▶ _EXERCISE INSTRUCTIONS_:
Return, word for word, only the lines of the data below that lie between the line with "The publisher of" and the line with "x 20cm 2007", those two lines included.

▶ _EXCERPTED RECORDS_:
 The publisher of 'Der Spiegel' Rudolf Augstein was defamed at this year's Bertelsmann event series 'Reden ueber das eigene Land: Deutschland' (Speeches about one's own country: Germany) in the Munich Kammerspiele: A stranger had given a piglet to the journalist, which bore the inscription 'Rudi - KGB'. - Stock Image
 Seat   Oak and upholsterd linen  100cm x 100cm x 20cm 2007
* * *
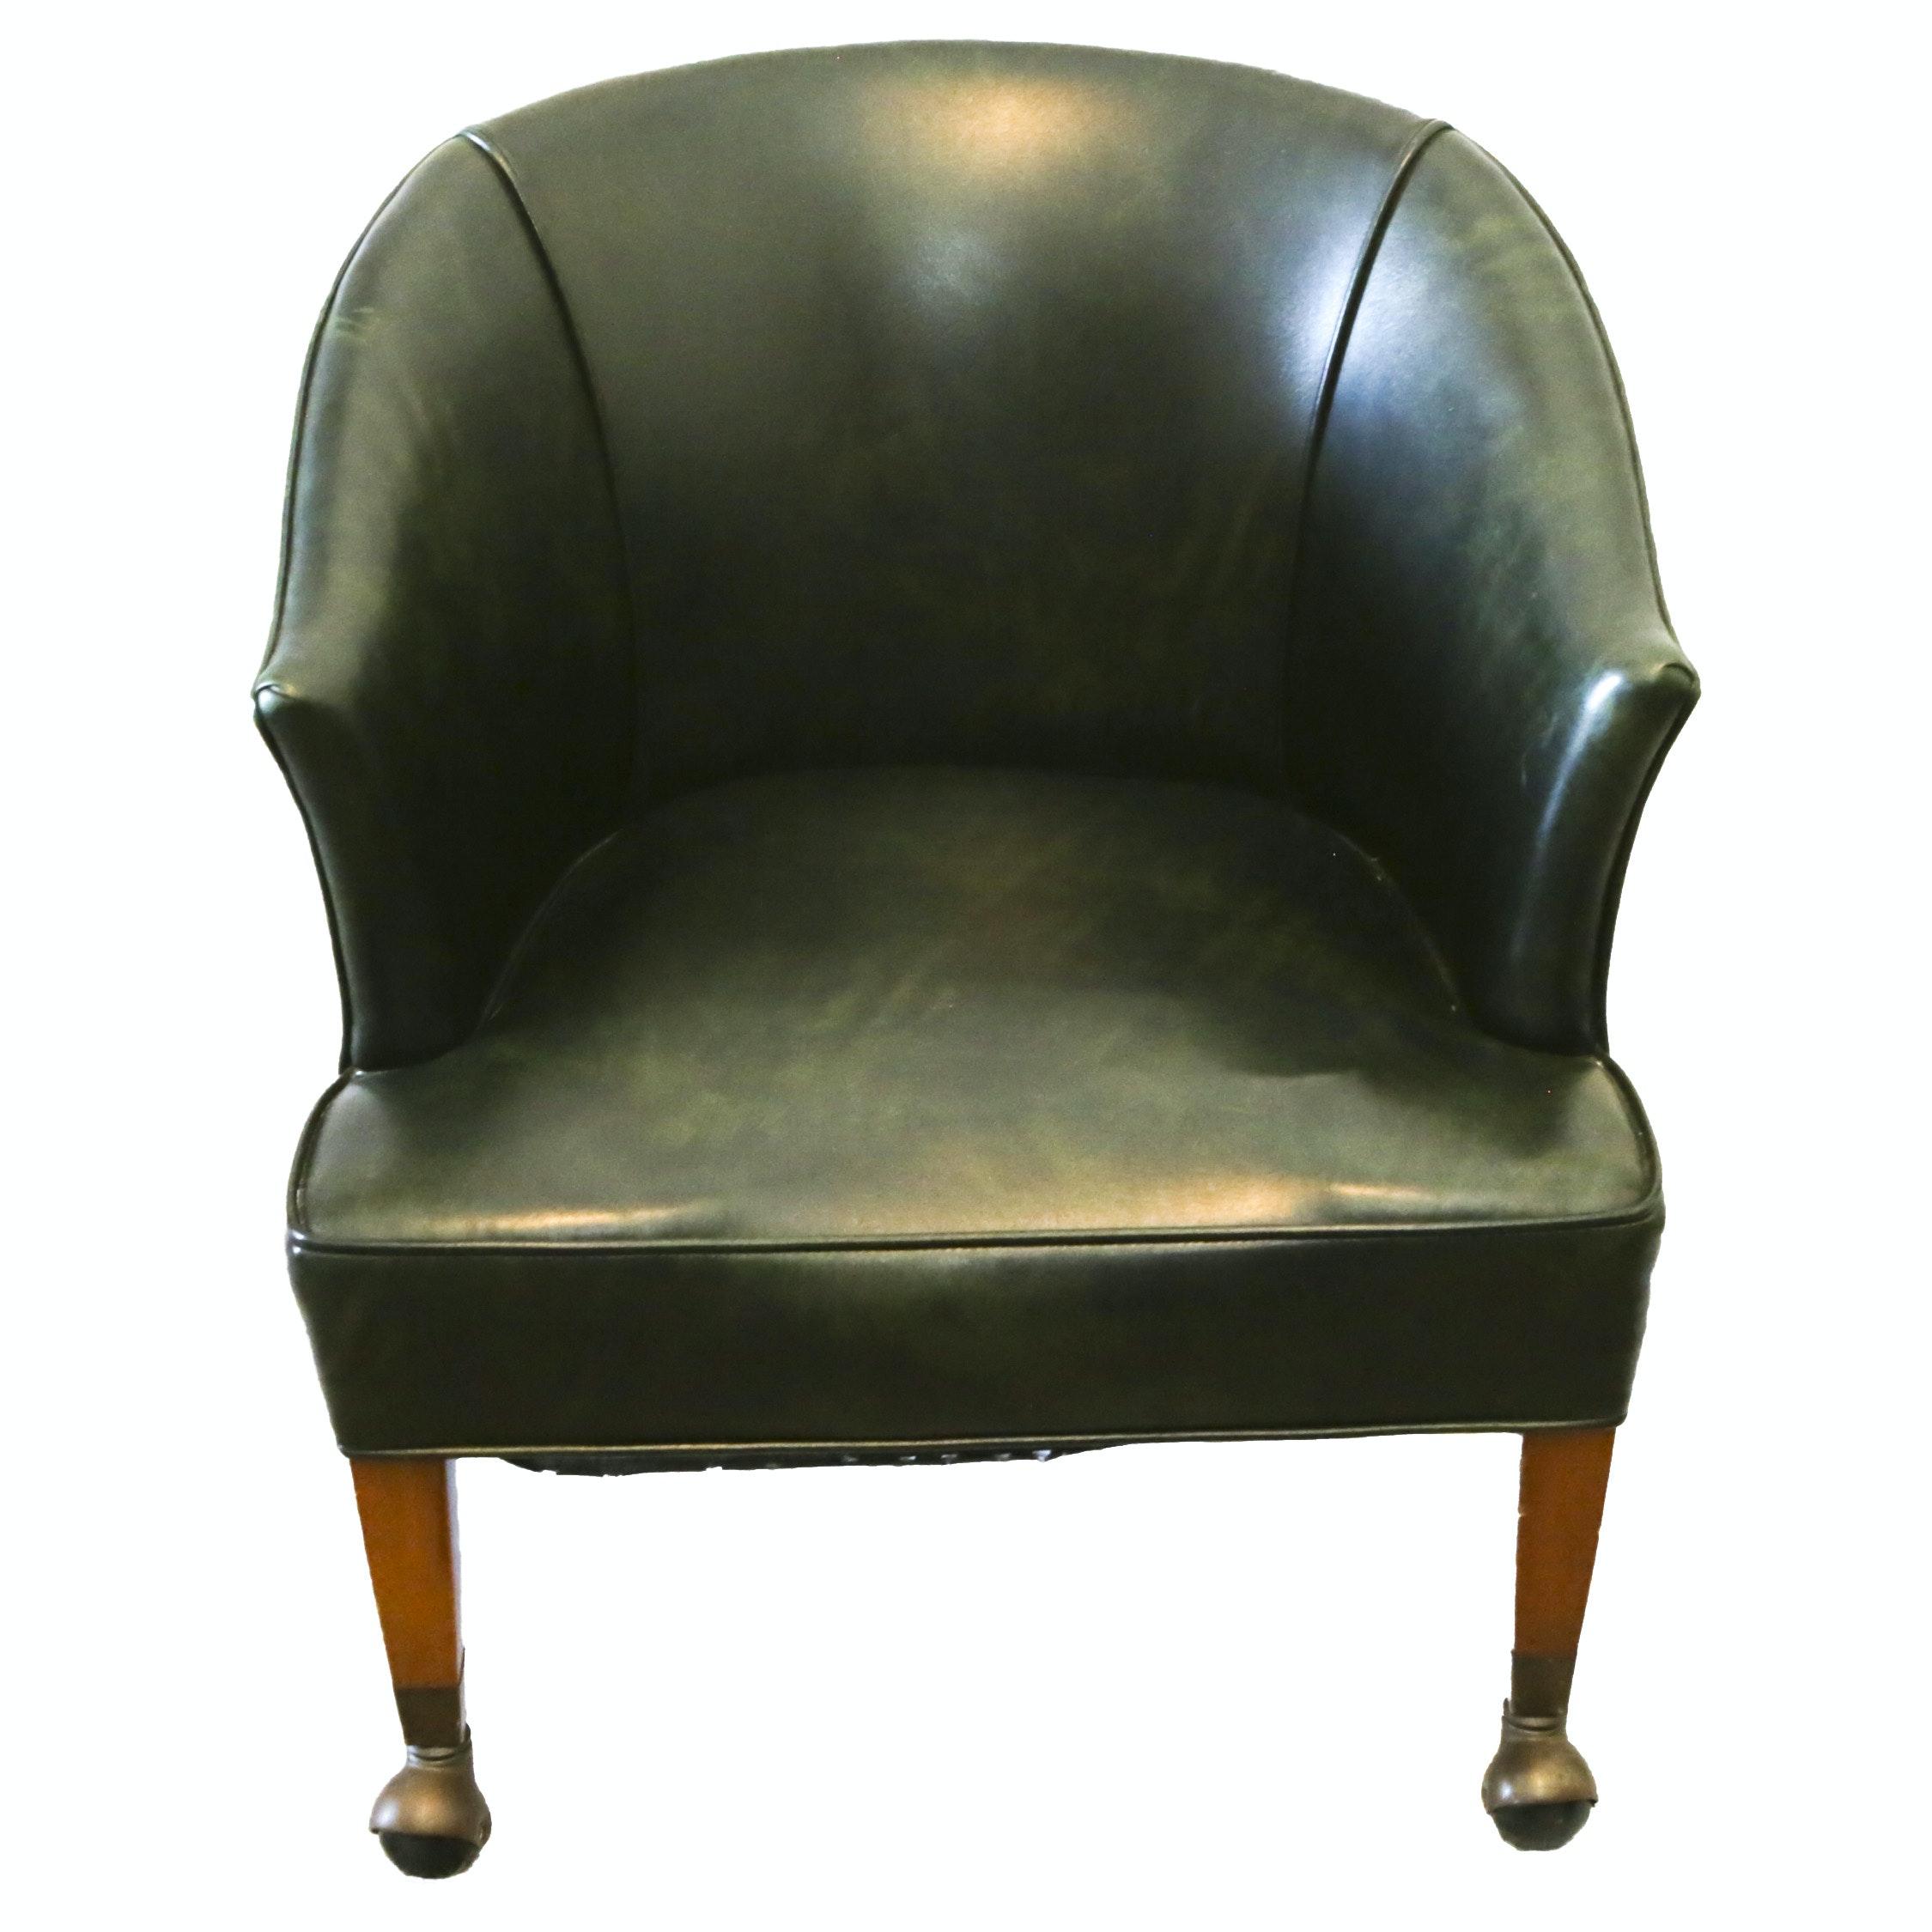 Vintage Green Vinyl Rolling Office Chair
* * *
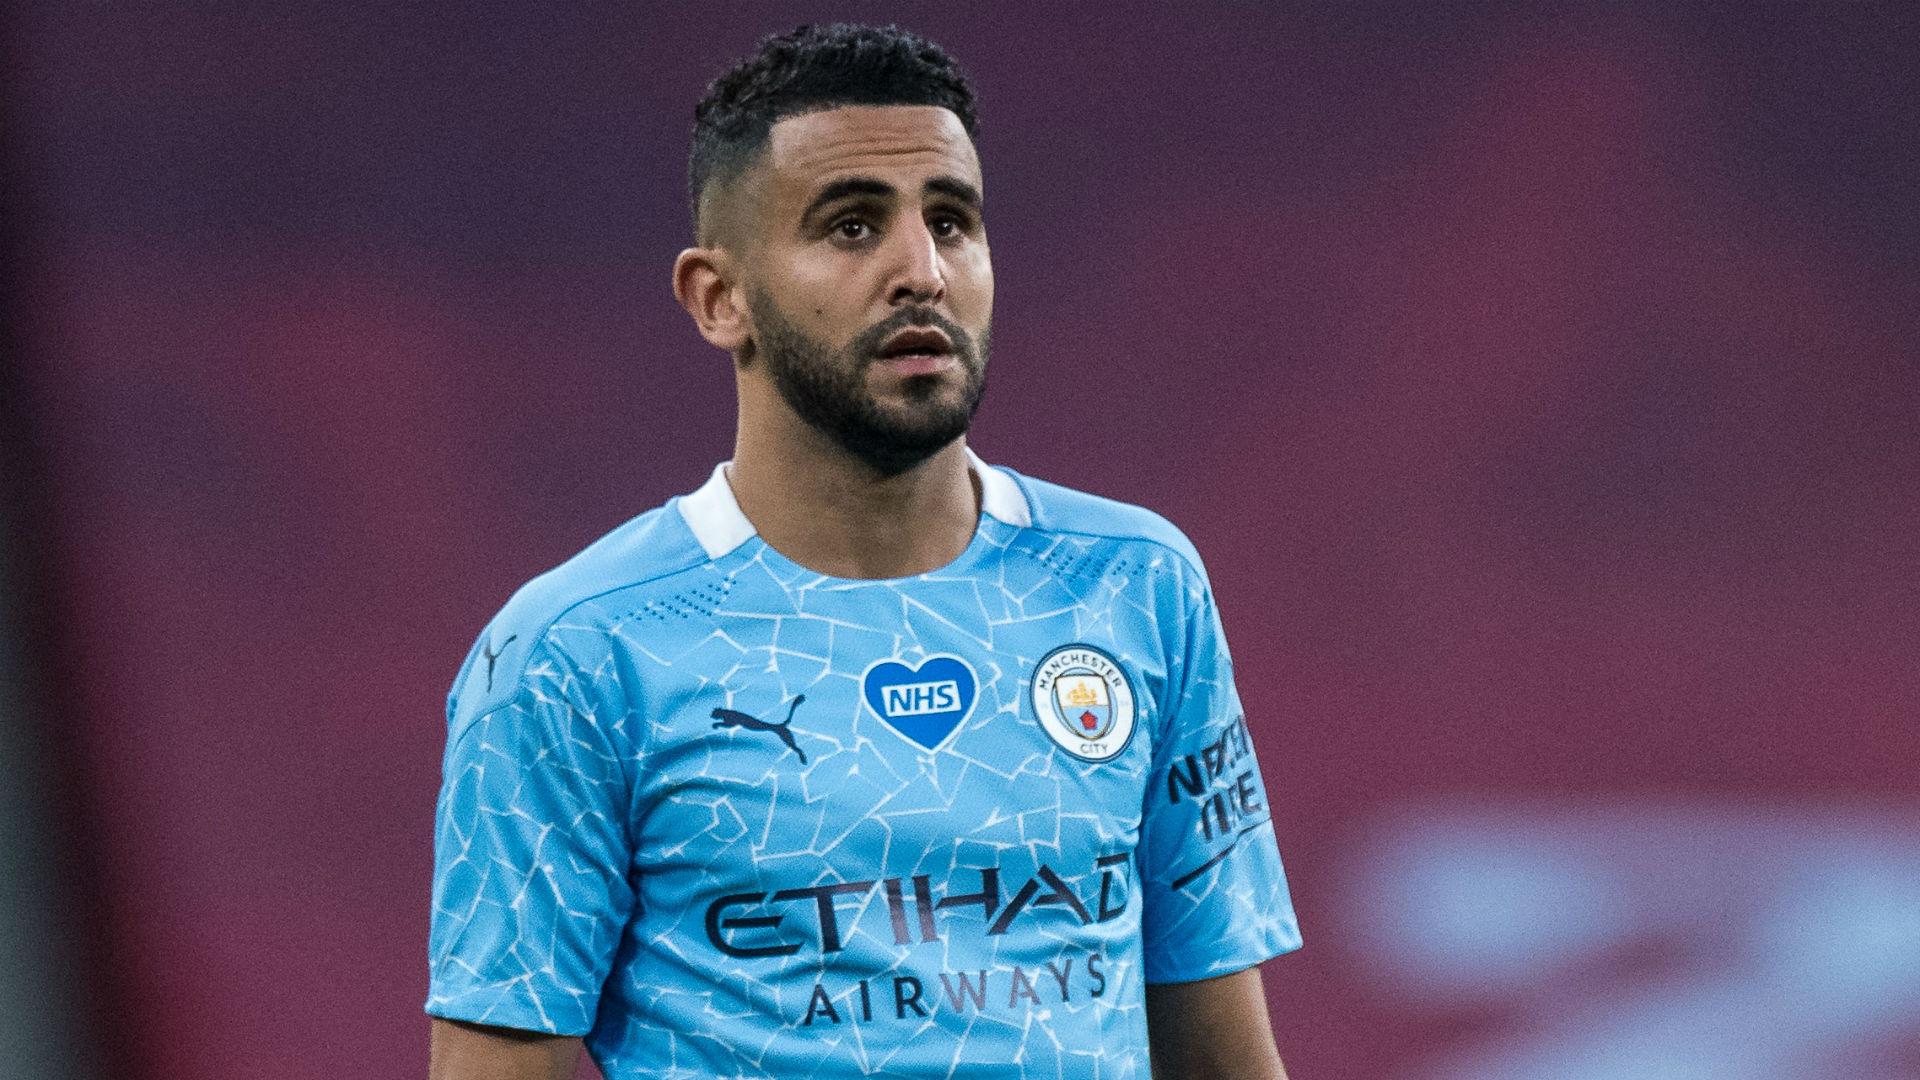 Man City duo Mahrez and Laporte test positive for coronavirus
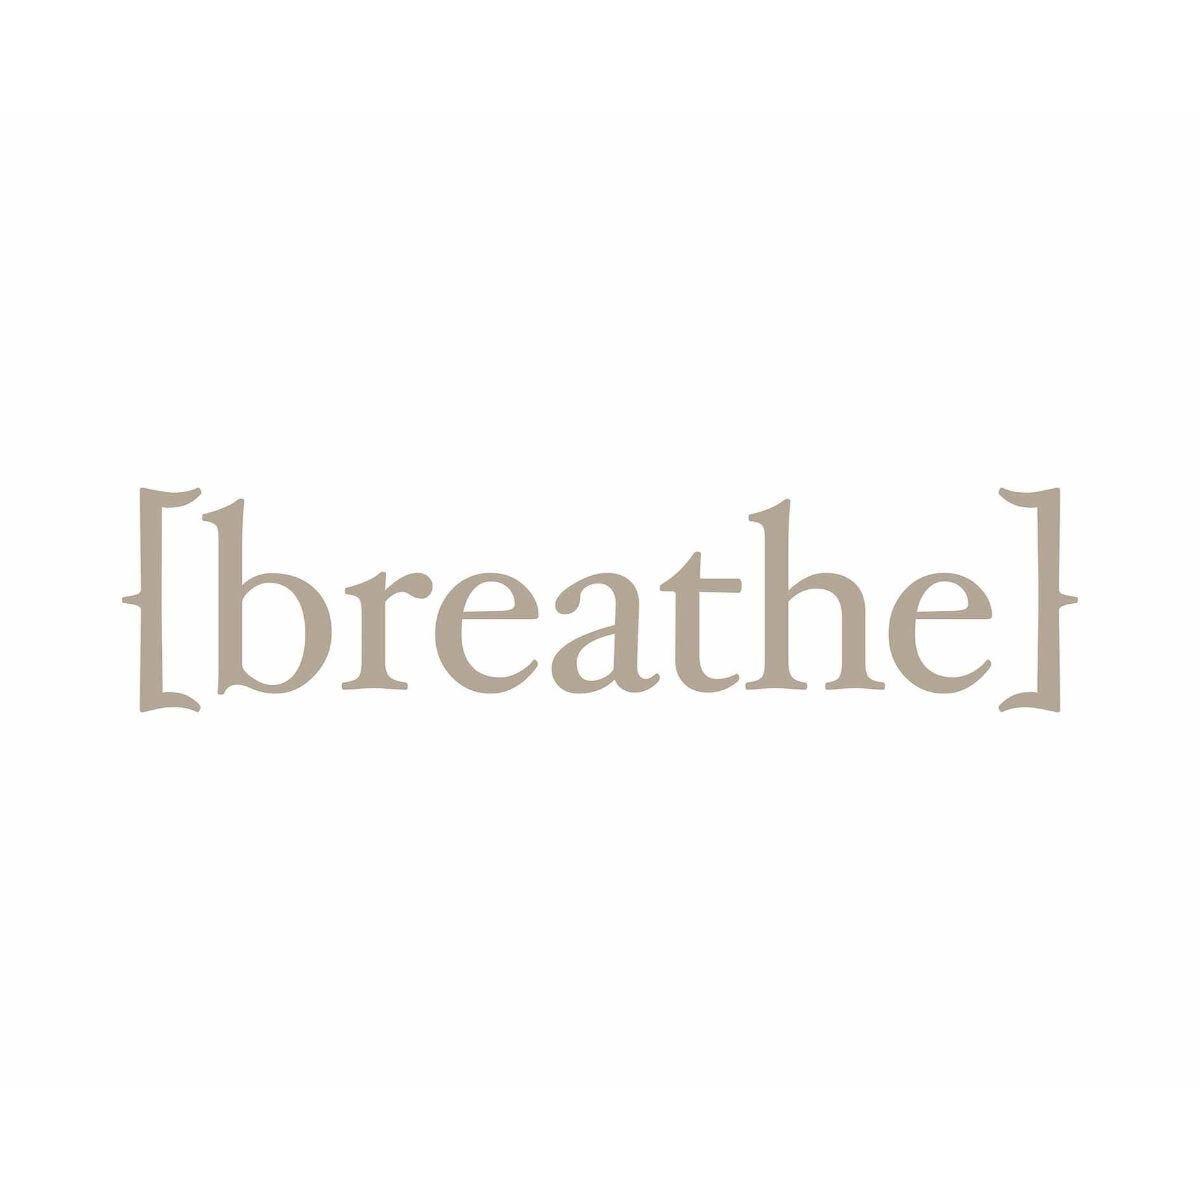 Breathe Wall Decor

▶ _TASK RESPONSE_:
 The publisher of 'Der Spiegel' Rudolf Augstein was defamed at this year's Bertelsmann event series 'Reden ueber das eigene Land: Deutschland' (Speeches about one's own country: Germany) in the Munich Kammerspiele: A stranger had given a piglet to the journalist, which bore the inscription 'Rudi - KGB'. - Stock Image
 Seat   Oak and upholsterd linen  100cm x 100cm x 20cm 2007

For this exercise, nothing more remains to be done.